Existe uma maior dedicação dos investigadores à temática dos municípios no período do Antigo Regime. Contudo, ultimamente esse panorama tem vindo a ser modificado com uma maior diversidade de estudos e com um alargamento a outros períodos da história.

1.2.2. A historiografia e os movimentos sociais de conflitualidade

Em relação aos movimentos sociais, os historiadores têm-se dedicado a investigar o papel das camadas populares na oposição ao liberalismo na primeira metade do século XIX. Os autores de Oitocentos, Oliveira Martins, Luz Soriano e Alexandre Herculano mostraram nas suas obras o apoio das camadas populares ao miguelismo. Já a historiografia republicana afasta um pouco essa ideia17. Os Integralistas dos anos 20 fizeram uma revisão sistemática da História Política do século XIX, reclamando uma herança conservadora, nacionalista e ultramontana. Pelo seu turno, nos anos 40 e 50 a historiografia universitária ocupou-se com maior incidência com a época medieval e moderna.
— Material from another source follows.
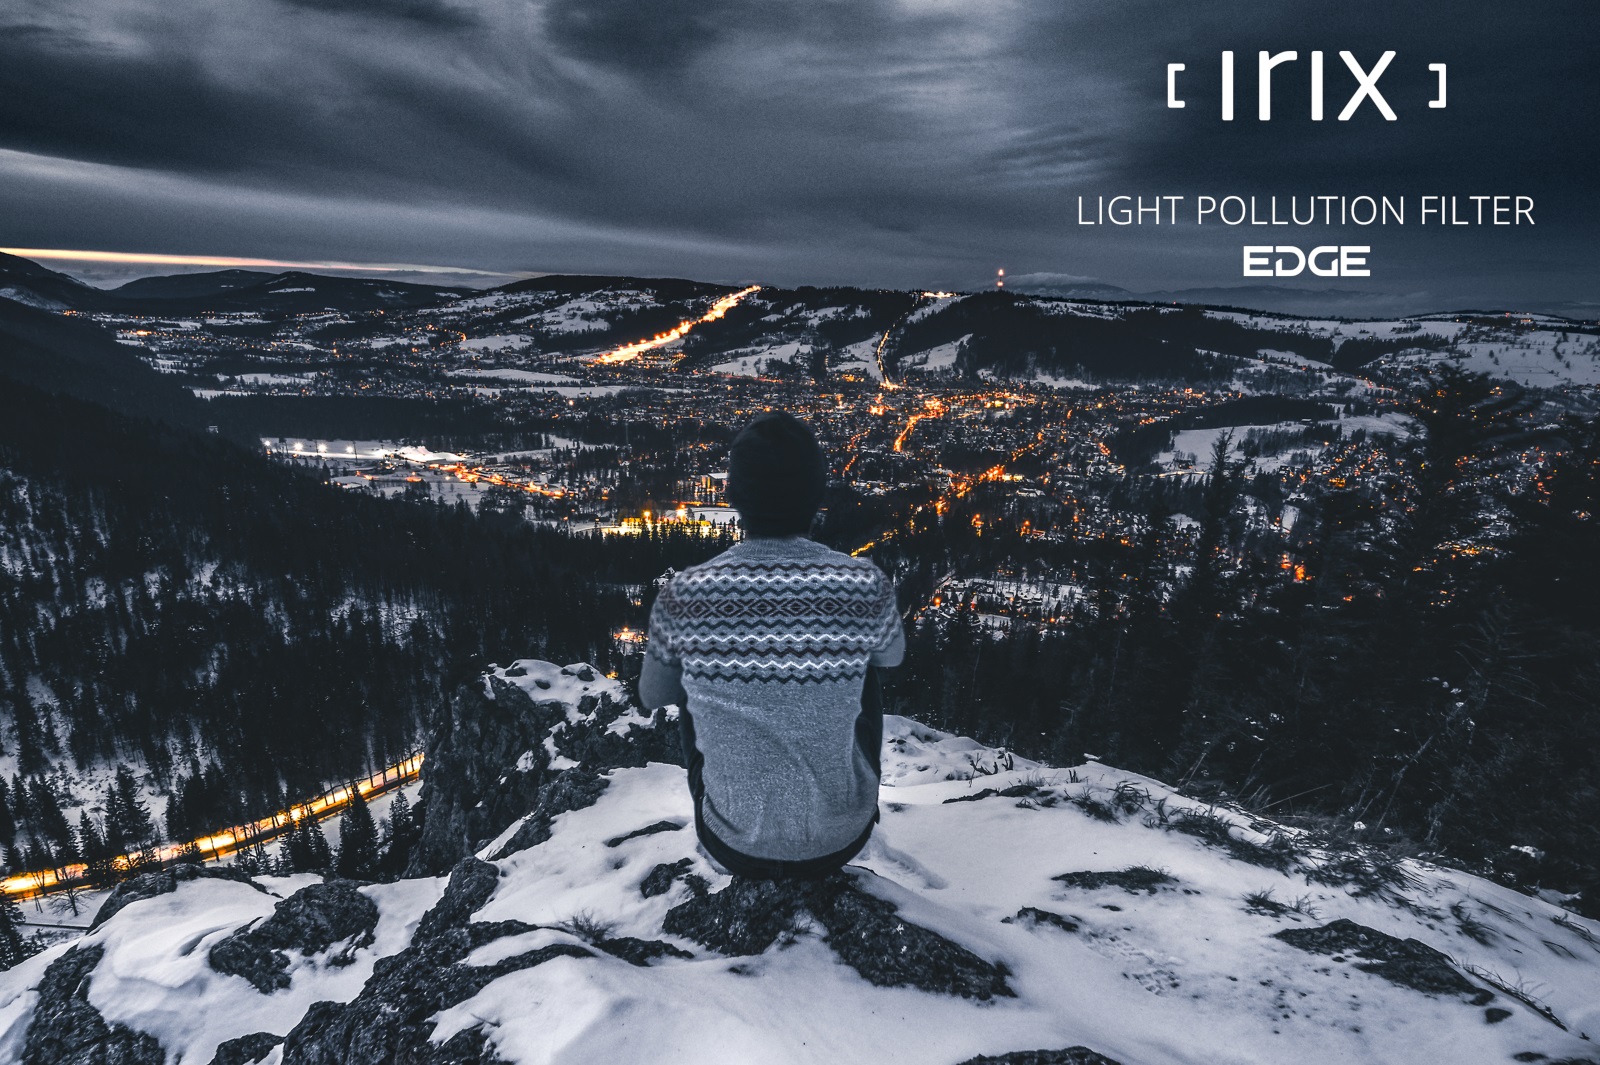 Irix Edge filtro de contaminación lumínica 82mm

Entretanto, nos anos 60 do século XX assistiu-se à renovação temática e metodológica dos estudos em História contemporânea, dando-se assim um interesse grande pelo século XIX. Esses estudos tiveram influência do marxismo e da escola dos

Annales.

17

Algumas obras dos autores de Oitocentos: J. P. Oliveira Martins, Portugal Contemporâneo, vol. I, Lisboa, 1881, pp. 75-79; Simão José Luz Soriano, História da Guerra Civil e do Estabelecimento do Governo Parlamentar em Portugal, 3ª época, Tomo II, Parte II, Lisboa, 1882, pp. 334-345; Alexandre Herculano, Opúsculos, Introdução à 2ª edição de A Voz do Profeta, (edição crítica de Jorge Custódio e José Manuel Garcia), vol. I, 1868, p. 40.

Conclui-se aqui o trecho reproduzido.